DATA EXTRACT:
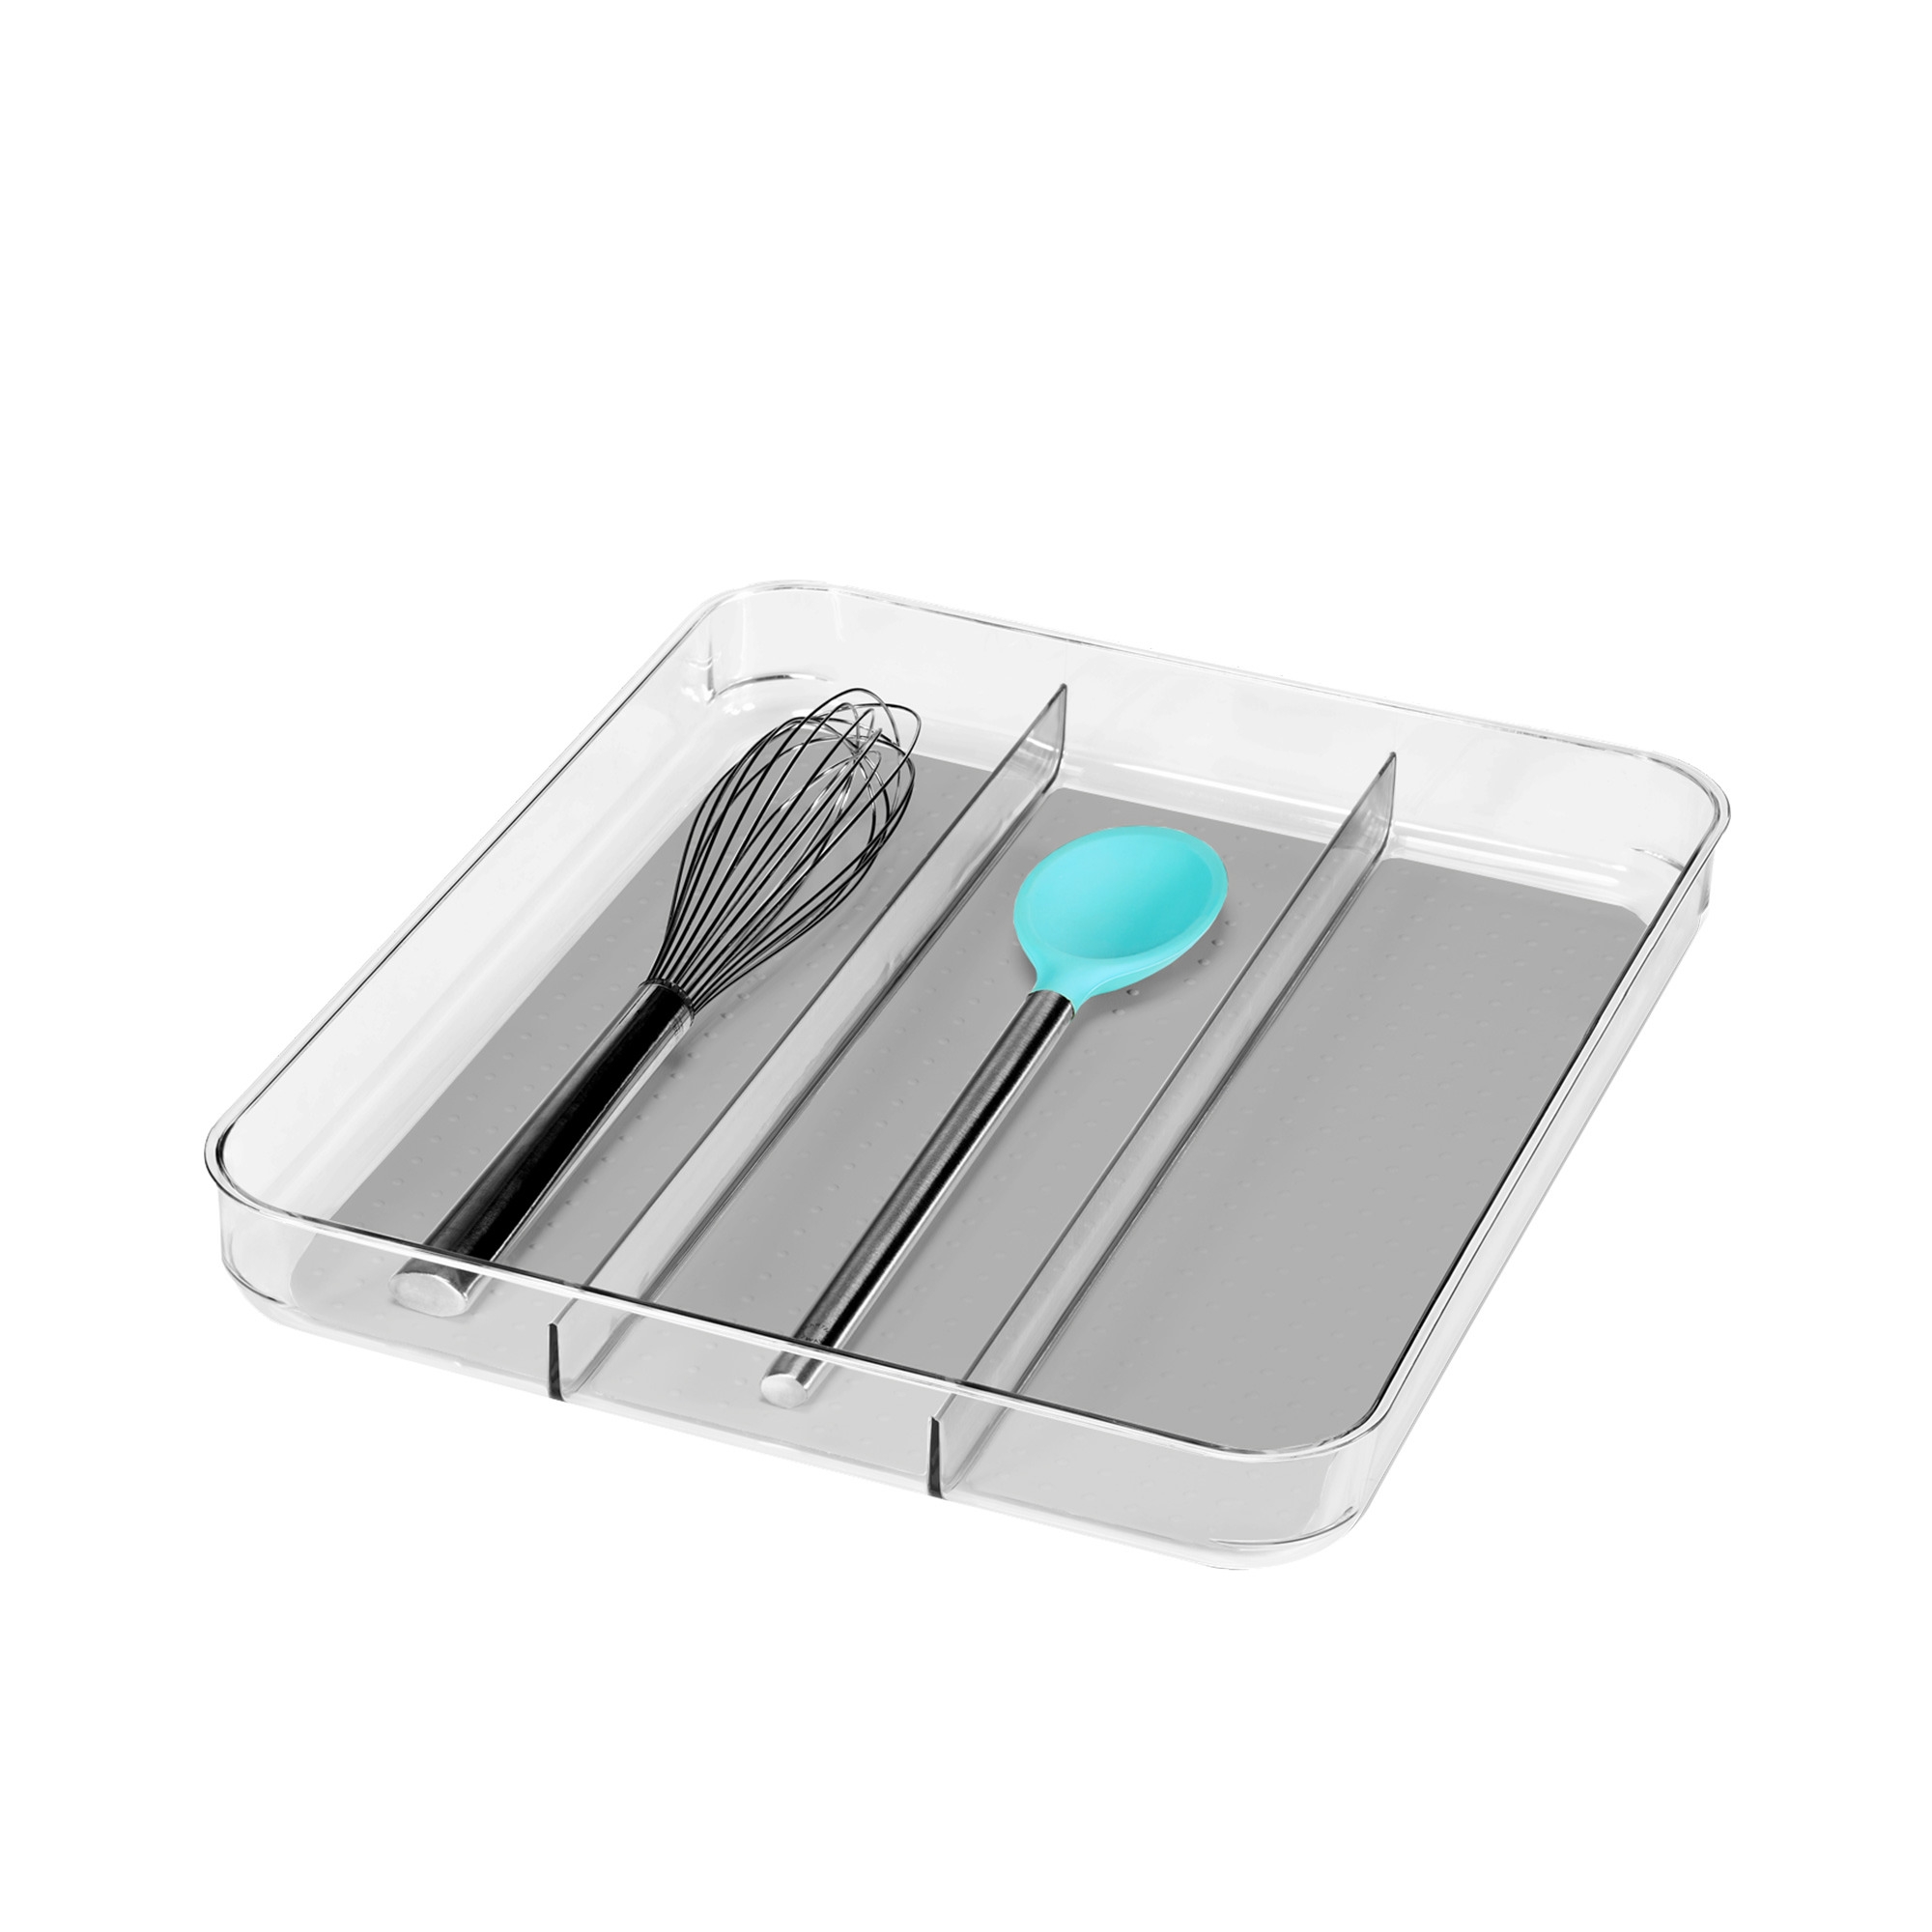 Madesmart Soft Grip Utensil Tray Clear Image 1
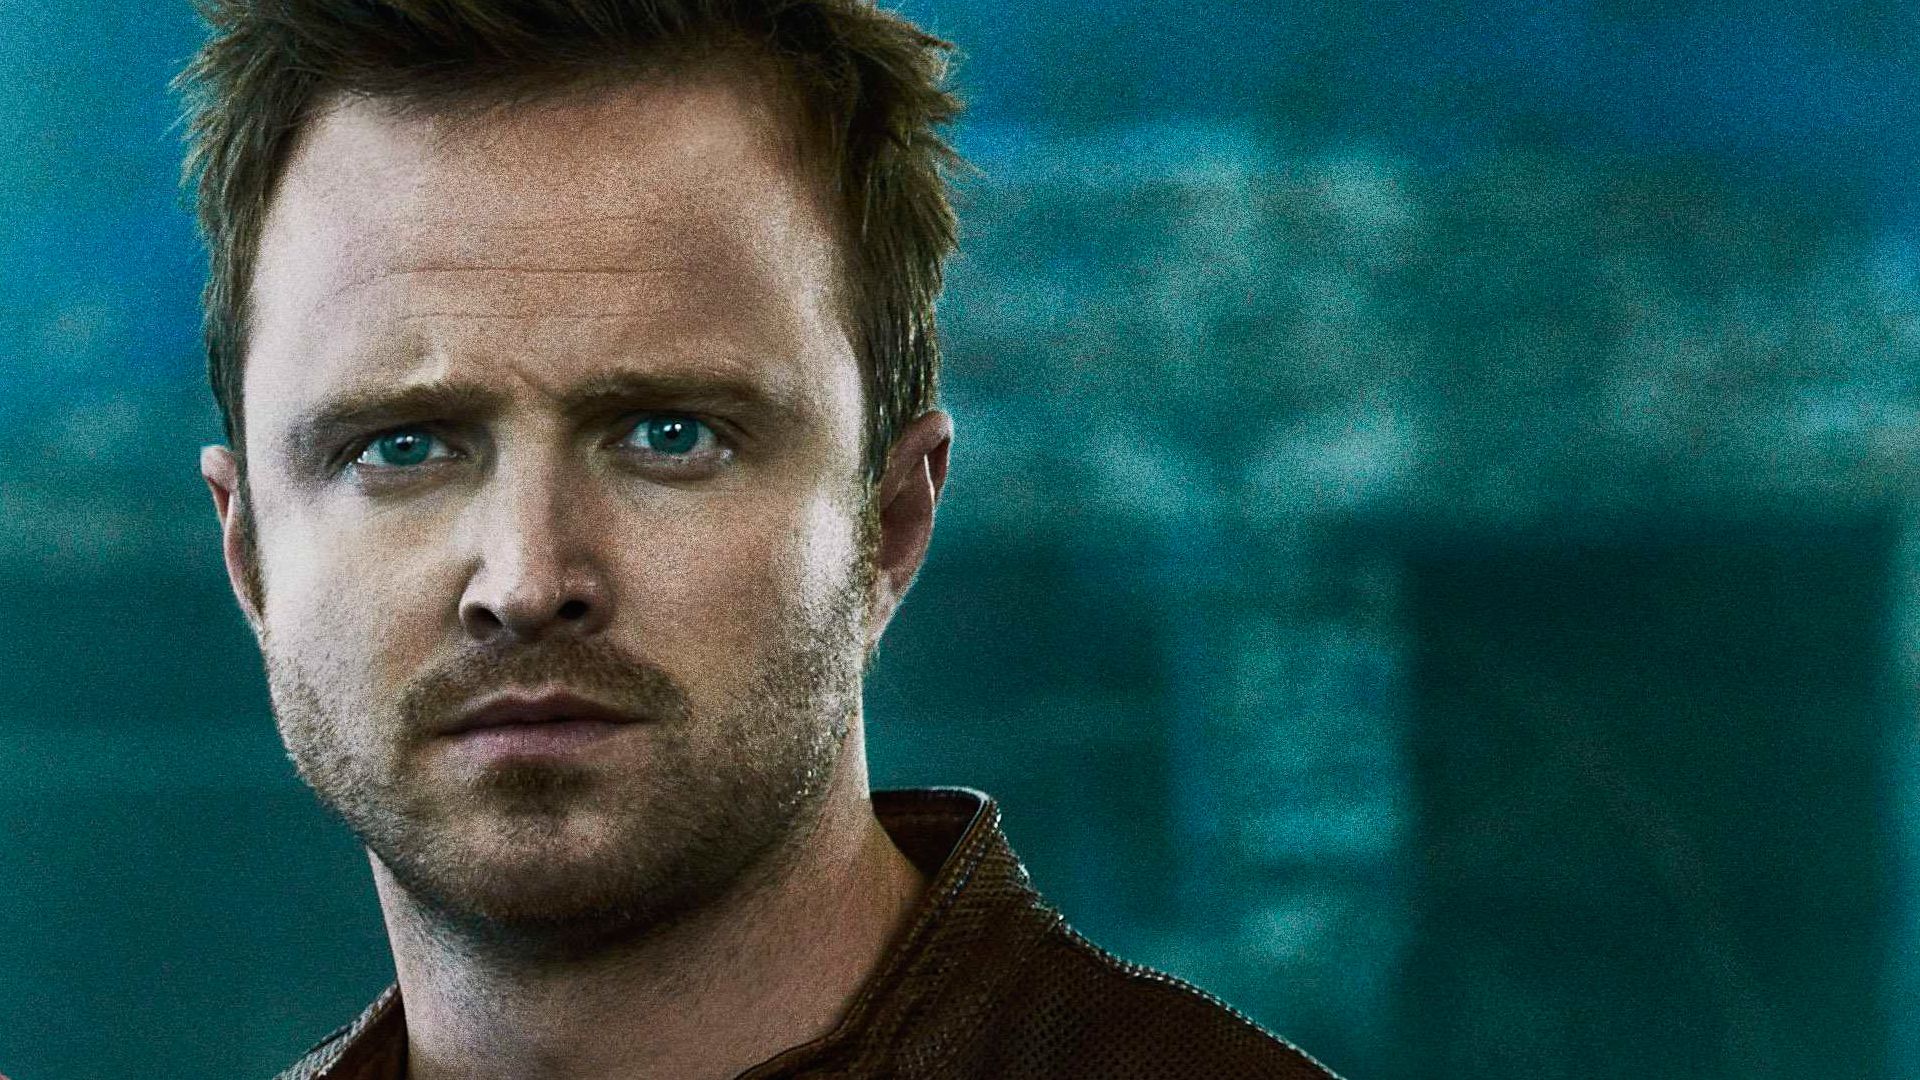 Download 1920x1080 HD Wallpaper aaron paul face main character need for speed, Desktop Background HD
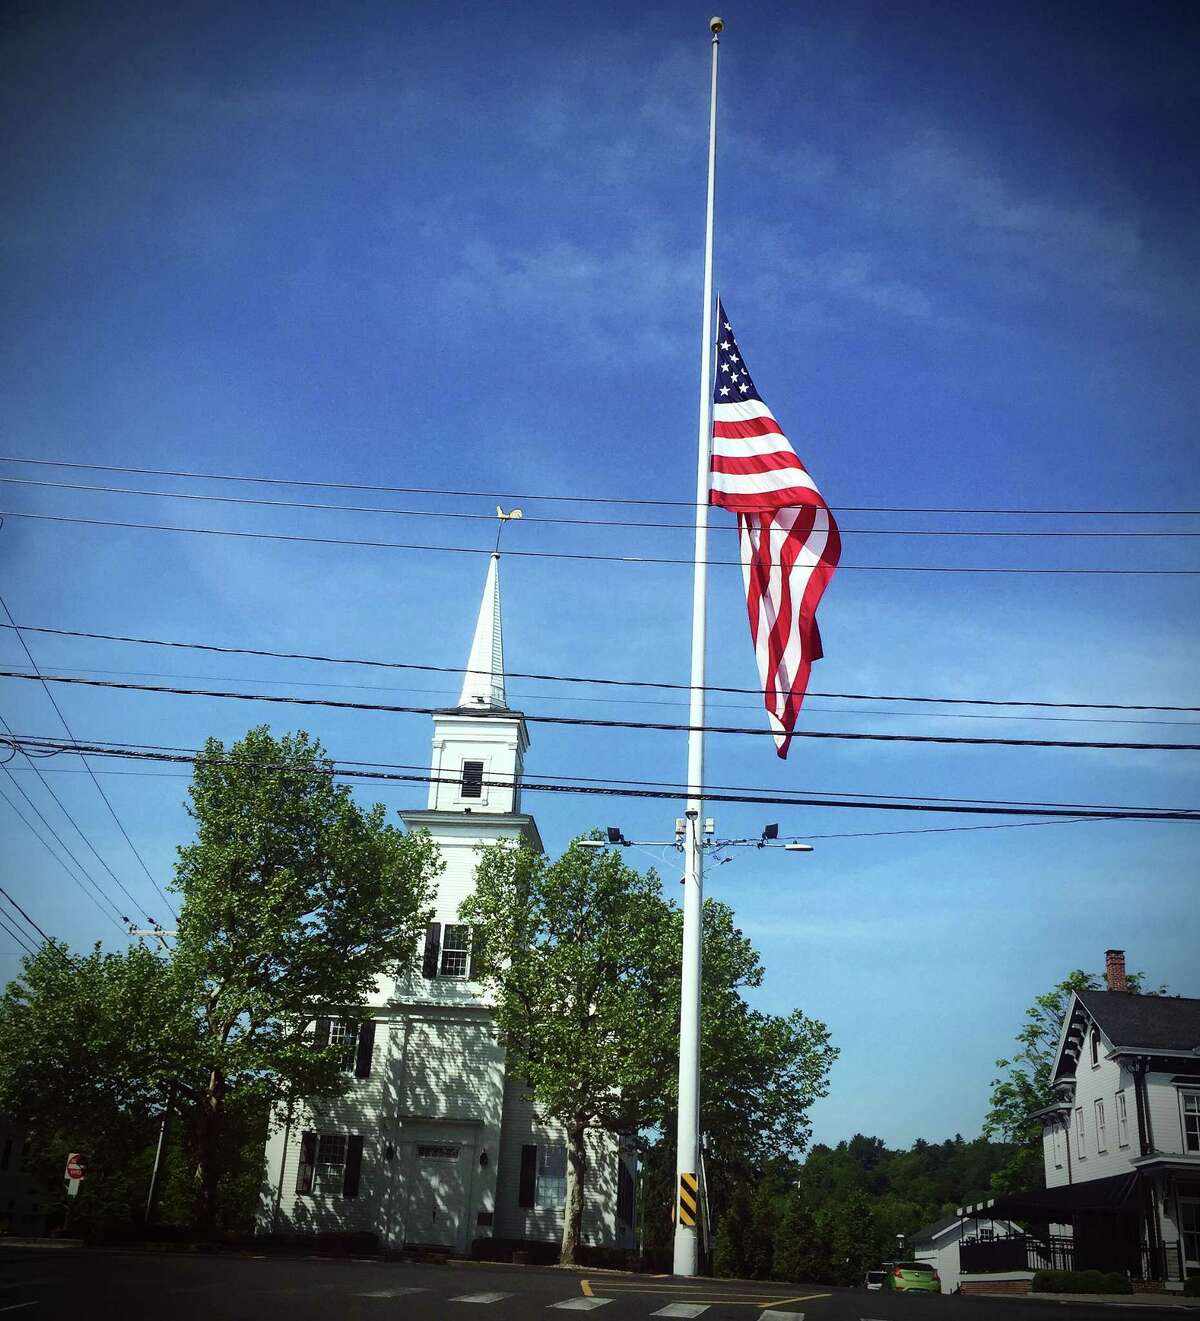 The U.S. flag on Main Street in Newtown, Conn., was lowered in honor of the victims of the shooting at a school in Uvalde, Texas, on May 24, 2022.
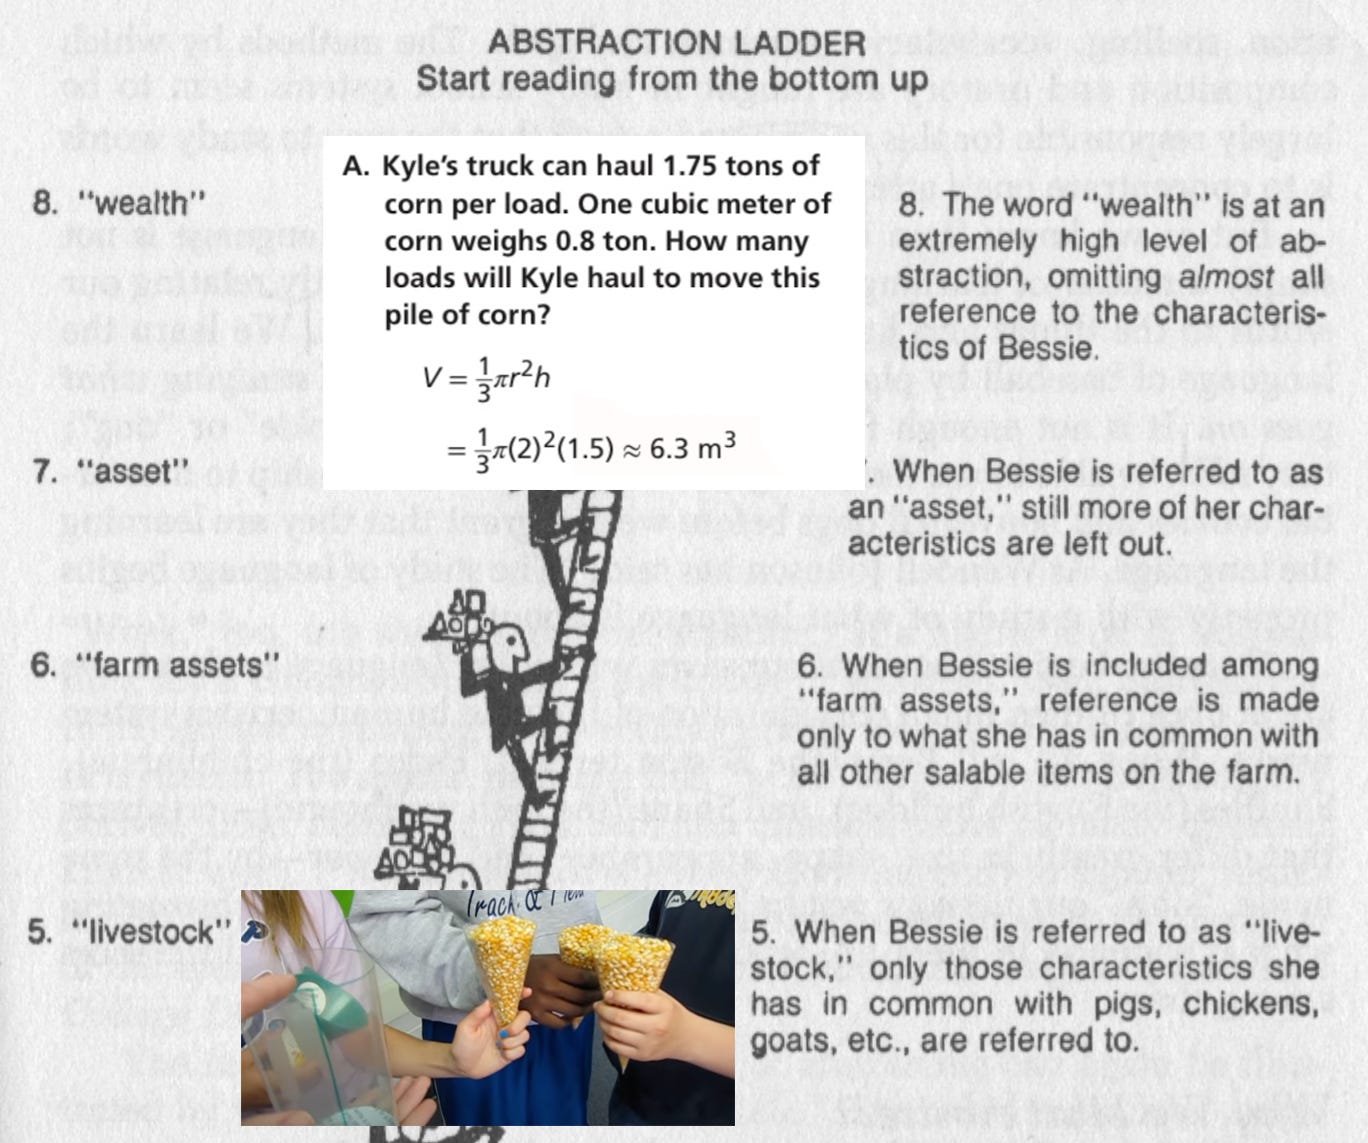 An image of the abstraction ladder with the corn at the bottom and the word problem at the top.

YOUR INSTRUCTIONS:
The pictures are to be omitted, and the rest of the listing is to be transcribed exactly.

EXERCISE RESULT:
 Madesmart Soft Grip Utensil Tray Clear Image 1
 Download 1920x1080 HD Wallpaper aaron paul face main character need for speed, Desktop Background HD
 The U.S. flag on Main Street in Newtown, Conn., was lowered in honor of the victims of the shooting at a school in Uvalde, Texas, on May 24, 2022.
 An image of the abstraction ladder with the corn at the bottom and the word problem at the top.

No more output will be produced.